What documented case reports exist of neurological toxicity after ivermectin when taken with statins?

1. What the published case series actually report

A widely cited review and case series examining serious neurological adverse events after ivermectin explicitly notes that several individual cases reported concomitant use of drugs that are substrates for CYP3A4 and P‑glycoprotein, and lists statins as one such class (identified specifically in “case 12”)—but the paper does not present detailed clinical follow‑up proving causation by statin co‑administration, and frames these reports as hypotheses that merit further study rather than definitive evidence ^{[1] [6]}.

2. Pharmacovigilance databases show signals but not causal proof

A systematic pharmacovigilance analysis searching the WHO VigiBase found clustered reports of serious neurological events after ivermectin in various settings and geographies, especially in the context of Loa loa co‑infection in Africa, but these analyses report suspected adverse event reports rather than adjudicated causal links and do not single out statin co‑use as a reproducible cause across reports in the publicly available summary ^[3].

3. Mechanistic plausibility—how statins could plausibly matter

Mechanistic commentary in the literature points to two biologic routes that make drug–drug interactions plausible: many statins and other commonly used drugs are CYP3A4 substrates and can be P‑glycoprotein substrates, and P‑glycoprotein function at the blood‑brain barrier normally limits ivermectin CNS penetration—thus inhibition or competition at these pathways could in theory increase central nervous system exposure to ivermectin and precipitate neurotoxicity ^{[1] [5]}. Narrative reviews of drug interactions note the importance of monitoring combinations that affect neurologic function, though they do not offer case‑level proof that statins have caused ivermectin encephalopathy in humans ^{[7] [8]}.

4. What the clinical case reports and series show about timing, dose, and susceptibility

Published human case reports of ivermectin neurotoxicity emphasize overdose, supratherapeutic self‑medication, or host susceptibility (e.g., ABCB1/ABCB1 nonsense mutations) as clear risk contexts; several single‑patient reports describe coma and prolonged neurologic signs after standard or supratherapeutic doses in patients with ABCB1 defects, while case series note other concomitant drugs without proof that those drugs were causal—this means statin co‑use appears as a recurring observation in sparse reports rather than as a replicated causal finding ^{[4] [9] [10]}.

5. Alternative interpretations, limits of the evidence, and reporting agendas

There are alternative explanations for the co‑occurrence of statins and neurologic events—statins themselves have been associated with reversible cognitive complaints in post‑marketing reports, and ivermectin adverse reports often occur in complex clinical contexts (polypharmacy, infections, overdose) that confound attribution ^[11]. The literature cited frames statin co‑use as a plausible confounder or interacting factor worthy of further pharmacokinetic study rather than as established proof; some reporting—especially during the COVID era—has emphasized ivermectin harms or safety depending on advocacy stance, which can skew focus away from careful causality assessment ^{[9] [3]}.
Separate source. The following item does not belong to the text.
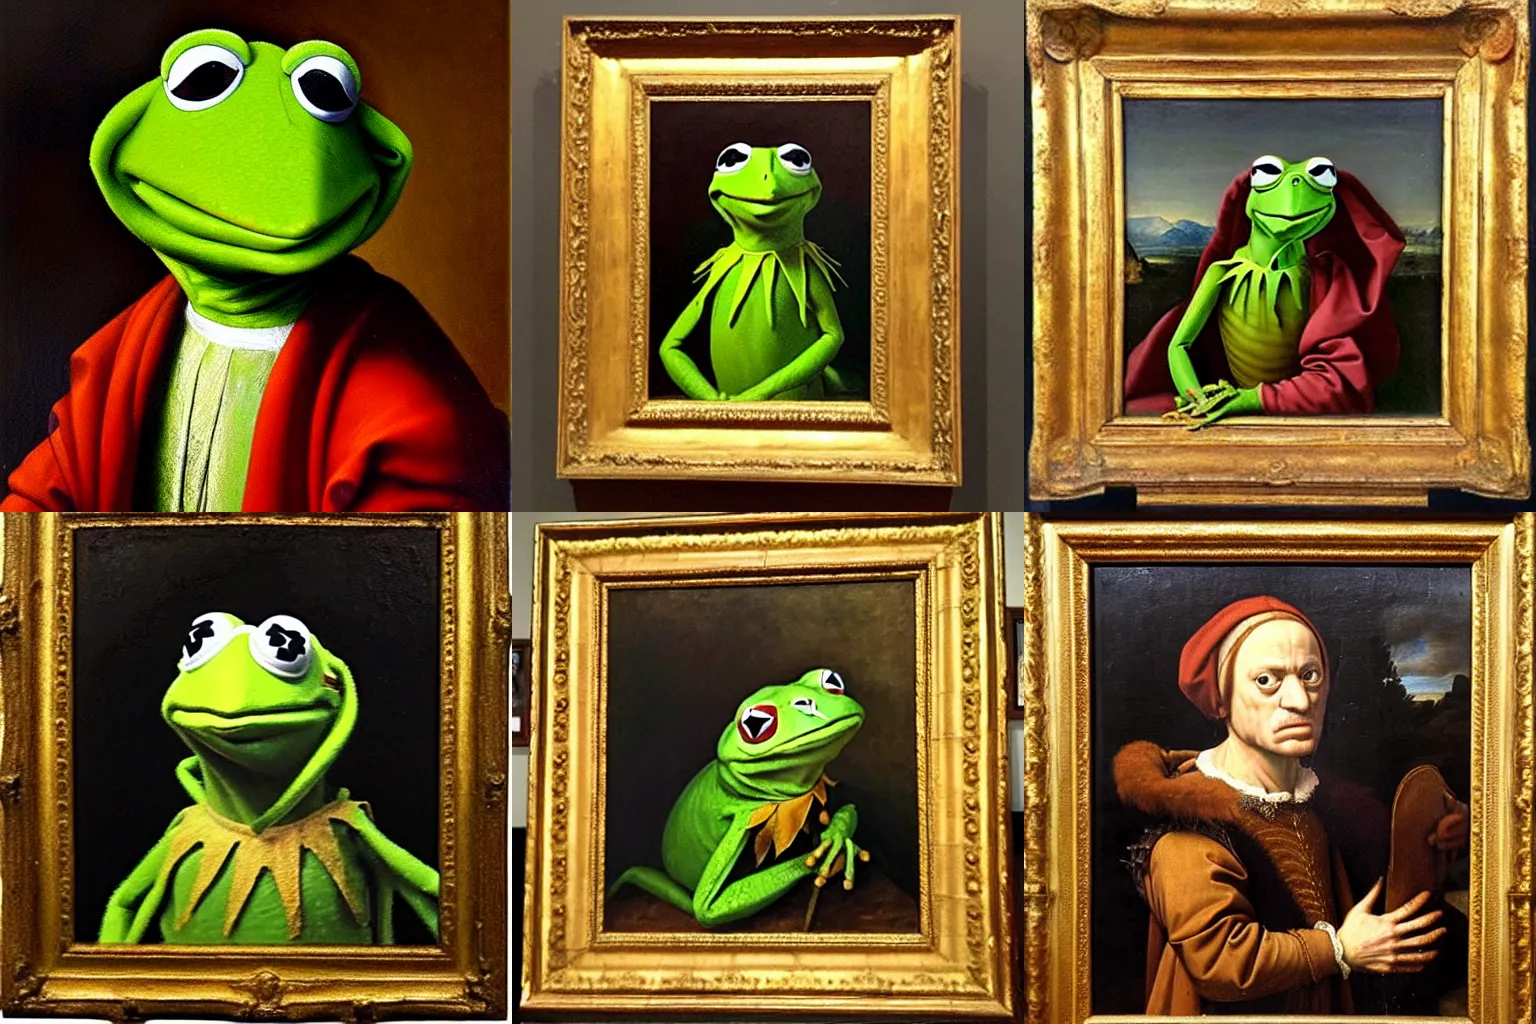 Prompt: renaissance masterpiece portrait of kermit the frog, old flemish masters, oil painting, museum centerpiece

6. Bottom line for clinicians and investigators

Documented case‑level proof that statins plus ivermectin produce neurological toxicity in humans is limited to observational mentions (e.g., statin noted among co‑medications in a specific case in the Chandler review) and signal detection from pharmacovigilance systems; no robust, reproducible case series or mechanistic human study in the provided sources conclusively establishes statin–ivermectin neurotoxicity, and the literature calls for targeted pharmacokinetic, genetic (ABCB1/mdr‑1) and interaction studies to clarify risk ^{[1] [3] [5]}.